GIVEN DATA:
__________

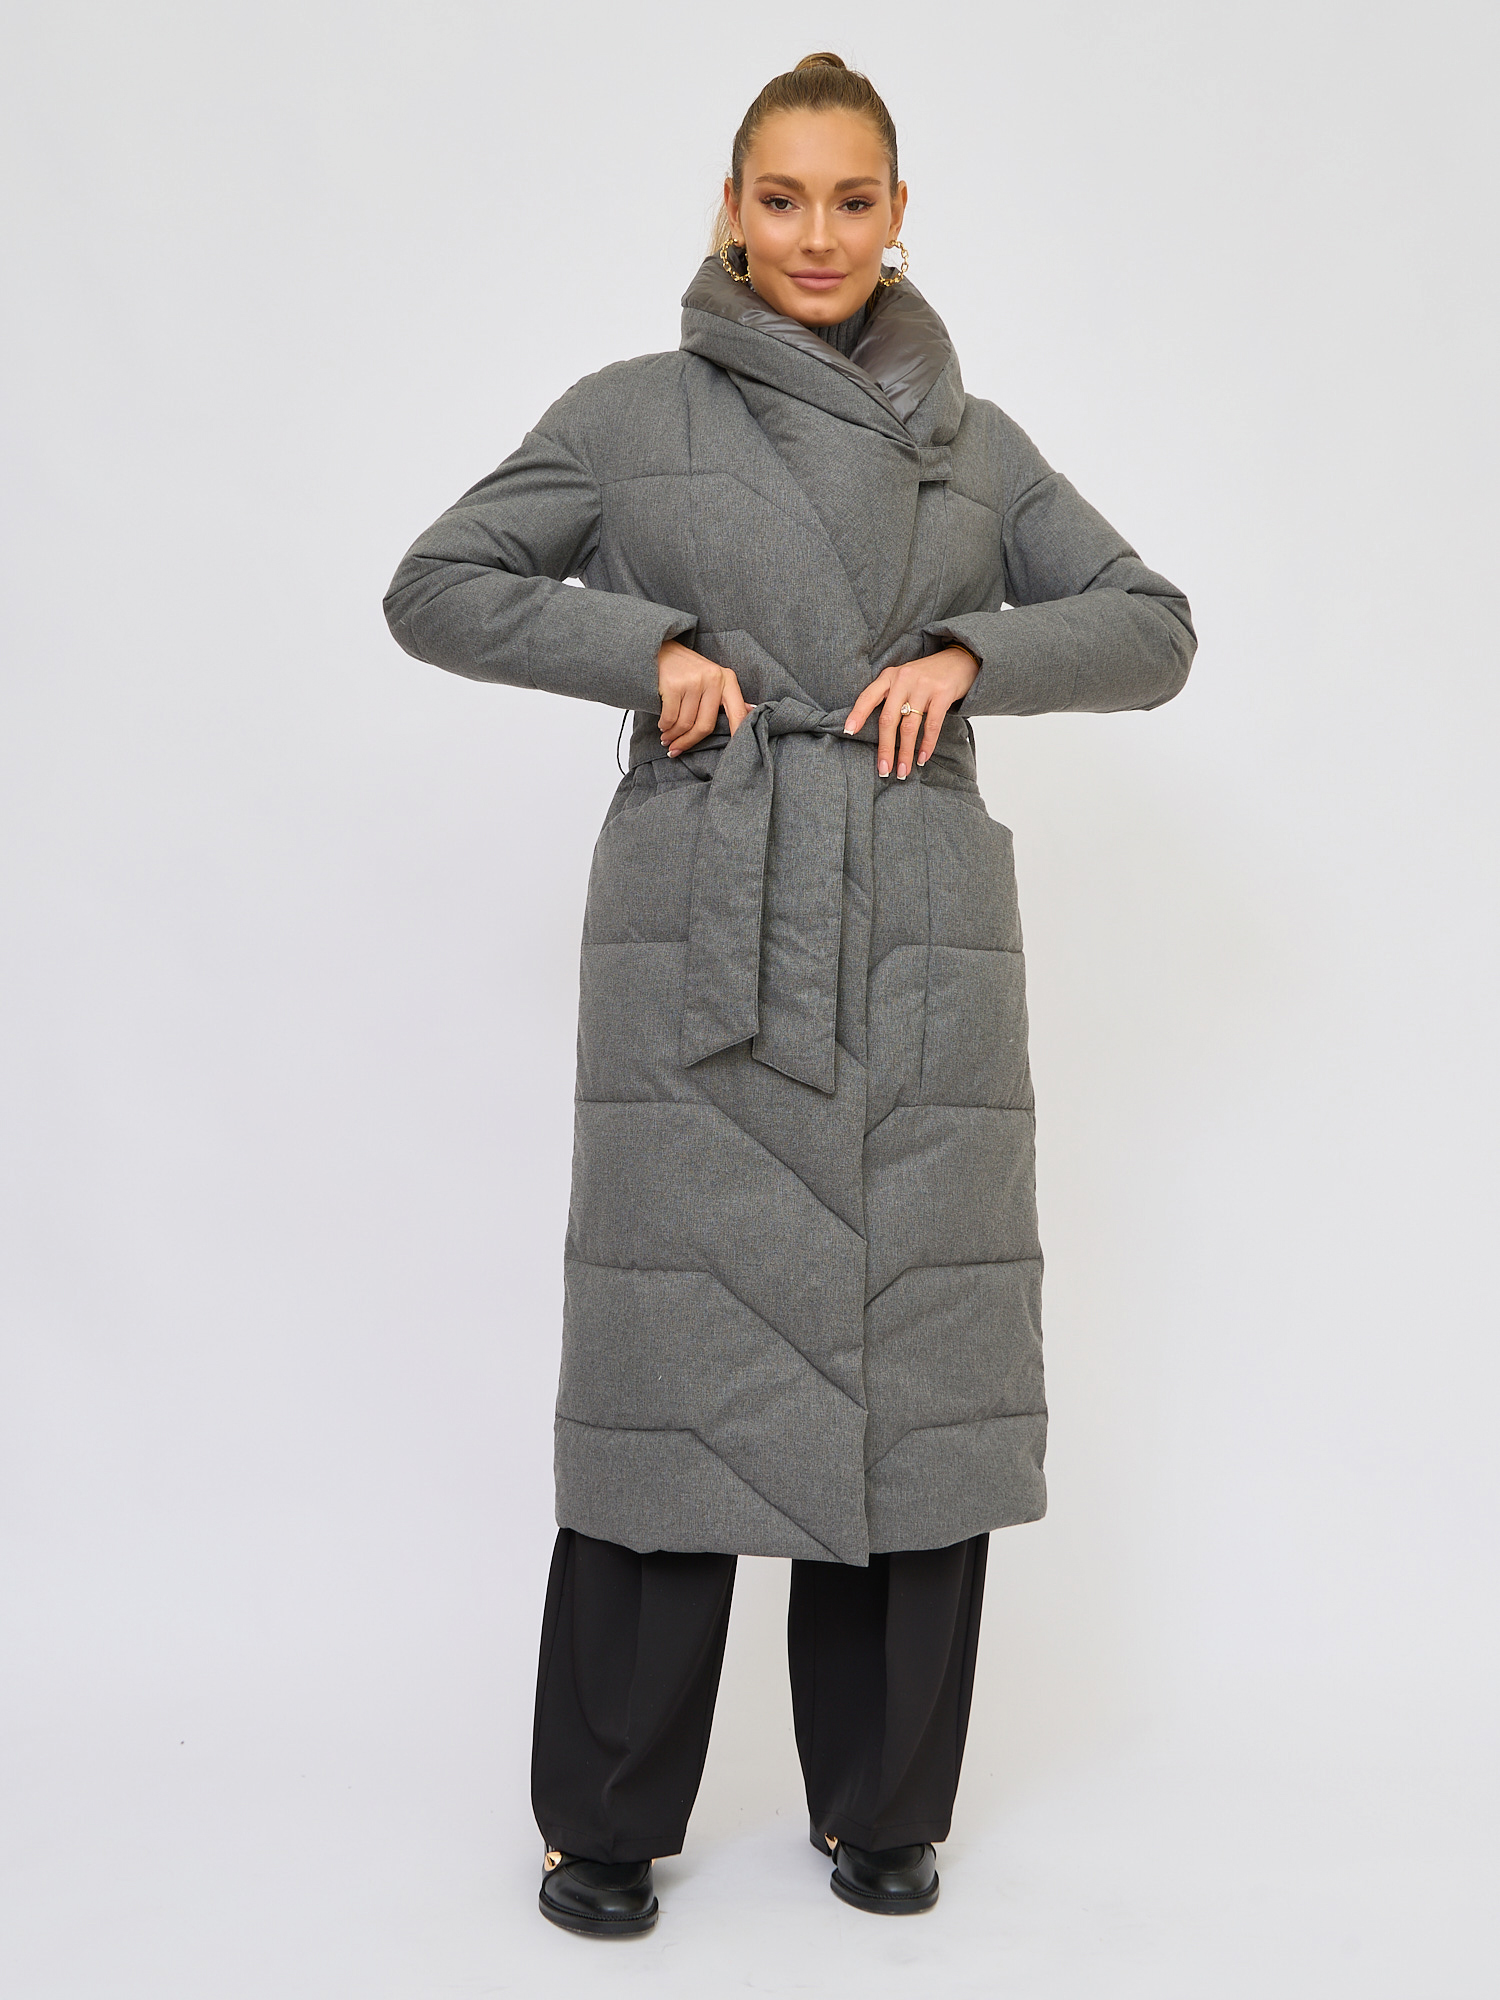 Пальто женское Olya Stoff OS40007 серое 48 RU
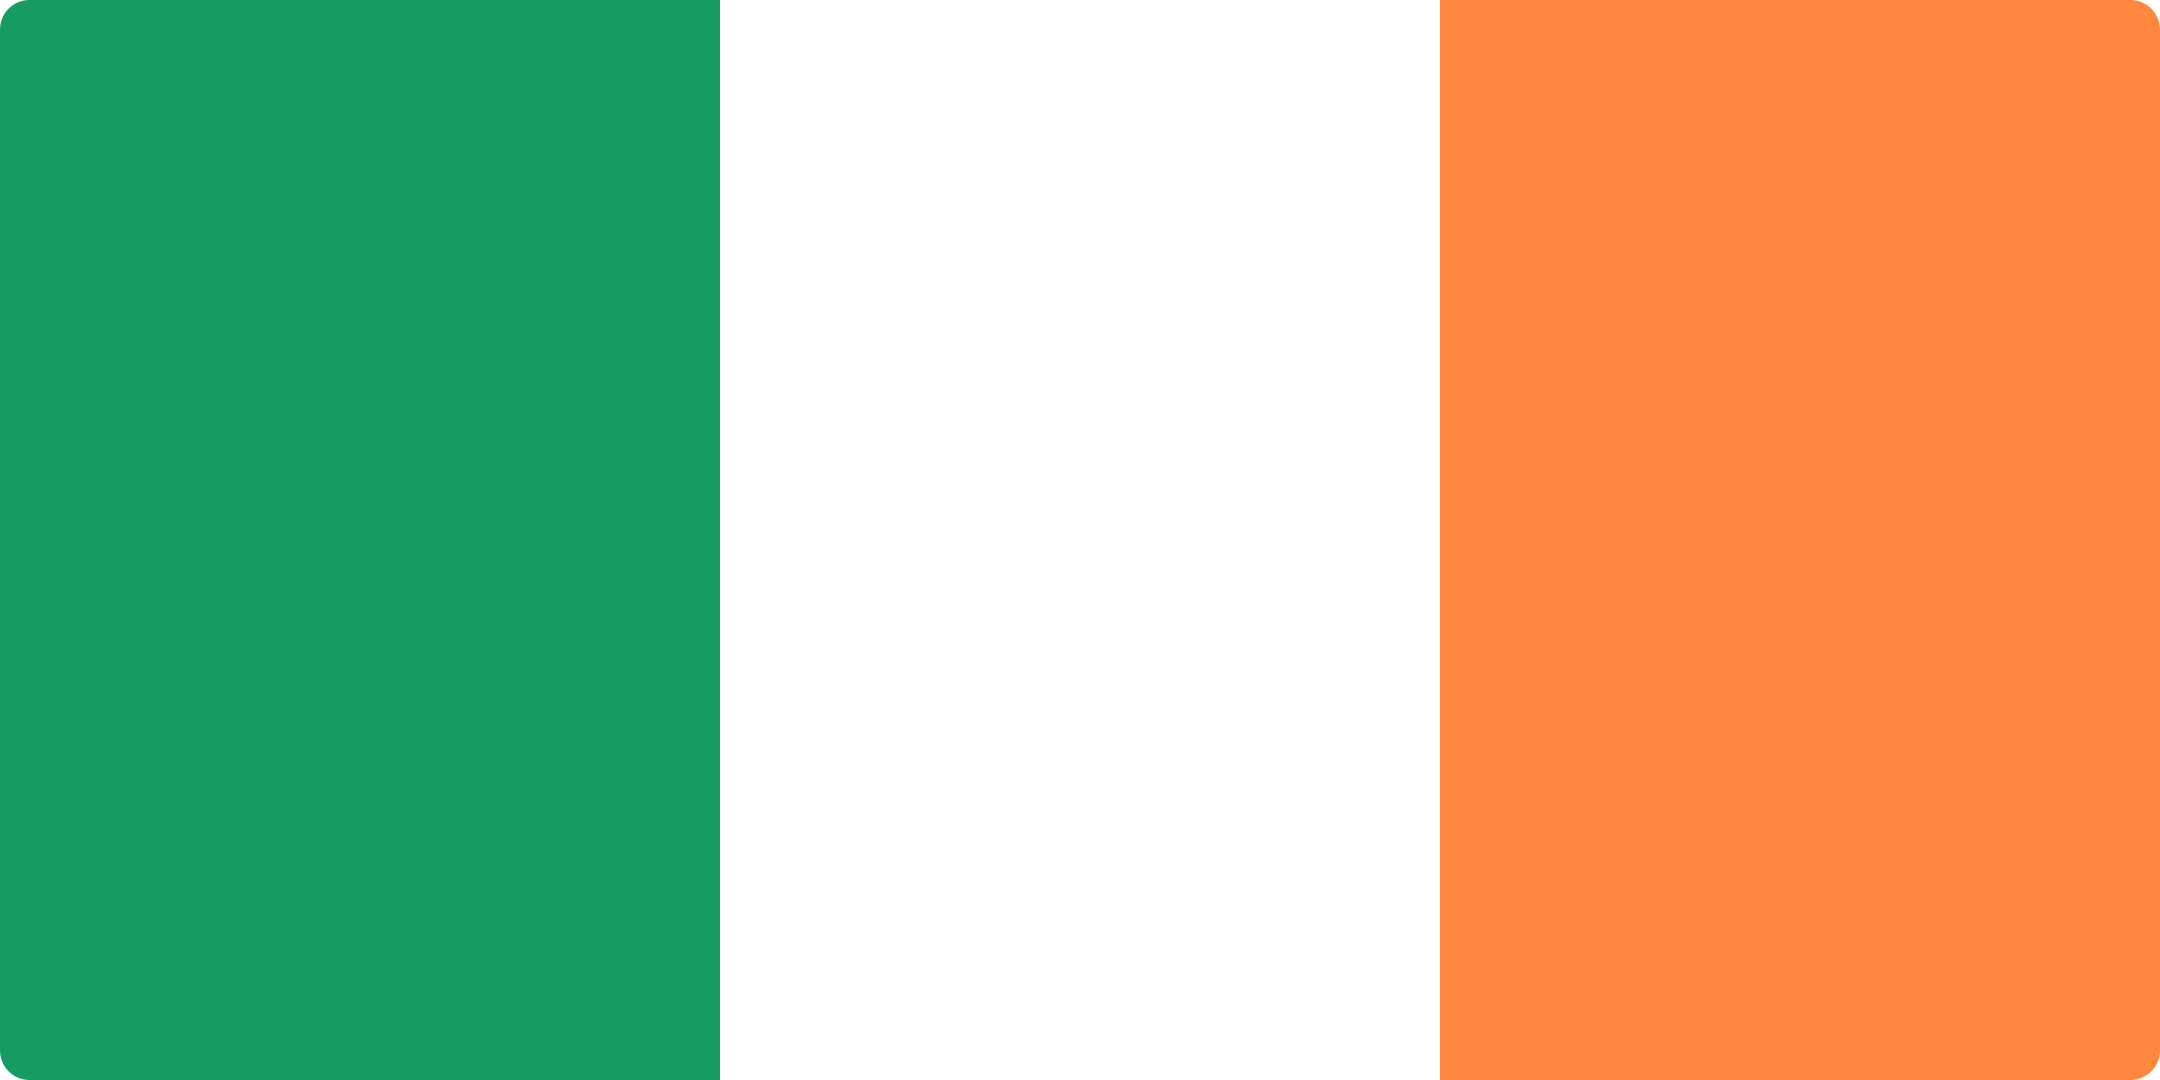 bandeira ireland flag 1 - Flag of Ireland
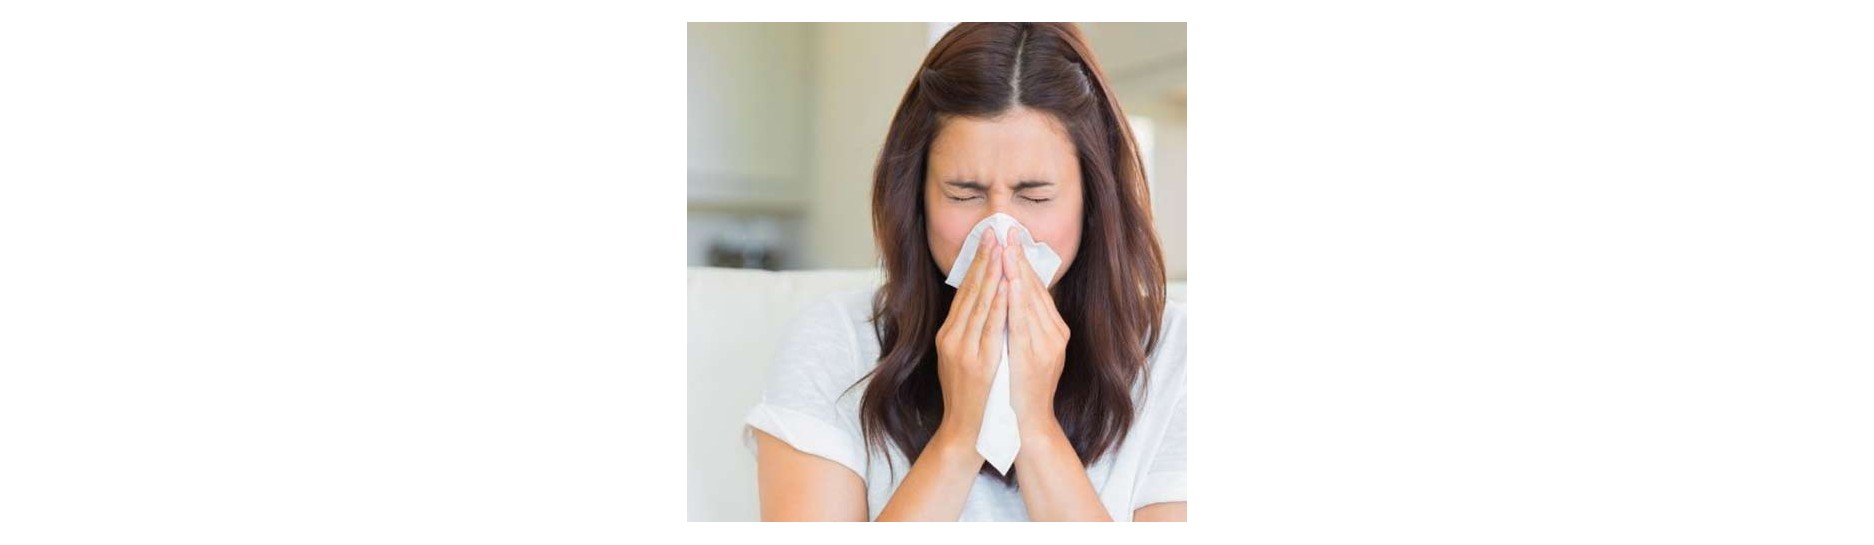 Ecco i rimedi naturali per le allergie.
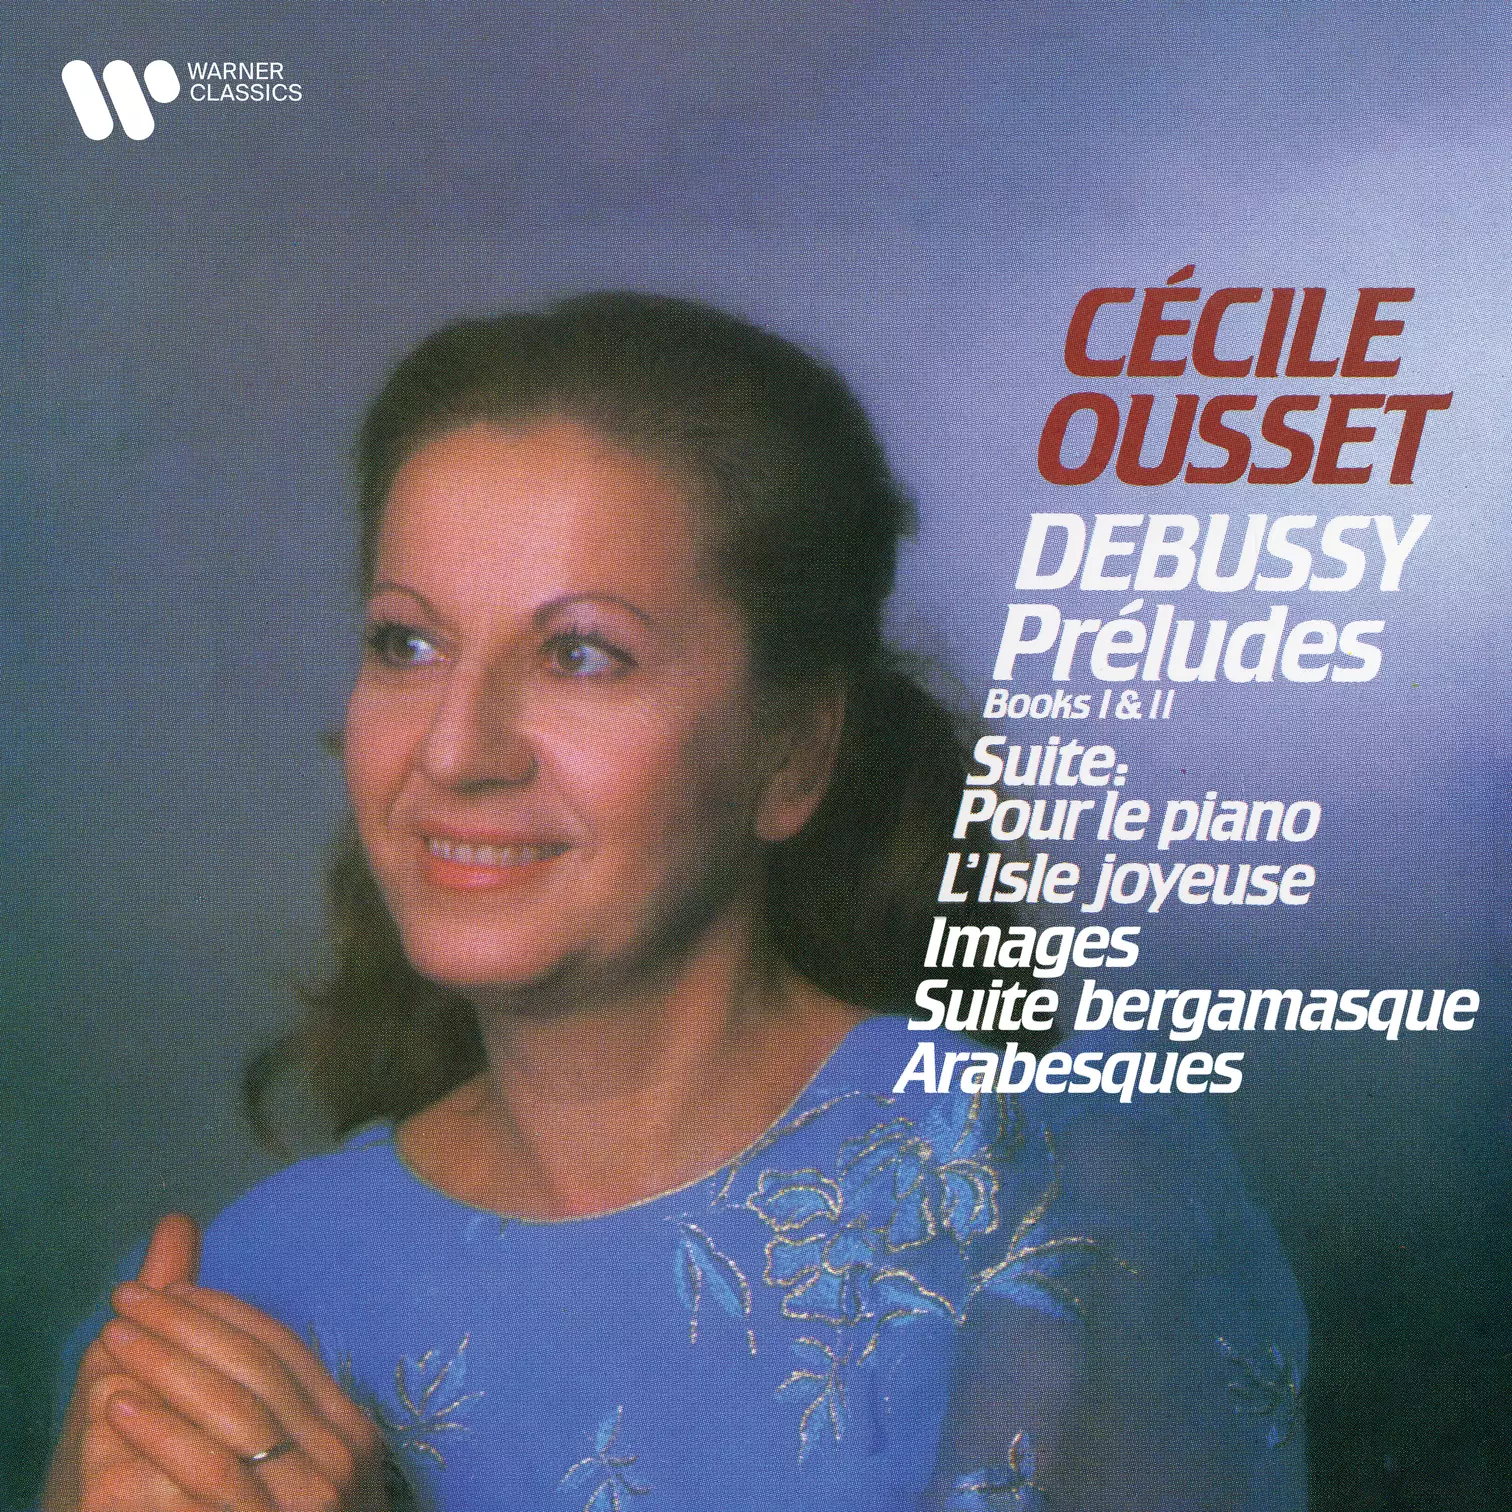 Debussy: Préludes, Pour le piano, L’Isle joyeuse, Images, Suite bergamasque & Arabesques

__________

PROBLEM REQUIREMENTS: Begin at the line with "bandeira ireland flag 1 - Flag of Ireland" and end at the last line of the data above. Reproduce those lines exactly, but not the pictures.

OUTPUT:
 bandeira ireland flag 1 - Flag of Ireland
 Ecco i rimedi naturali per le allergie.
 Debussy: Préludes, Pour le piano, L’Isle joyeuse, Images, Suite bergamasque & Arabesques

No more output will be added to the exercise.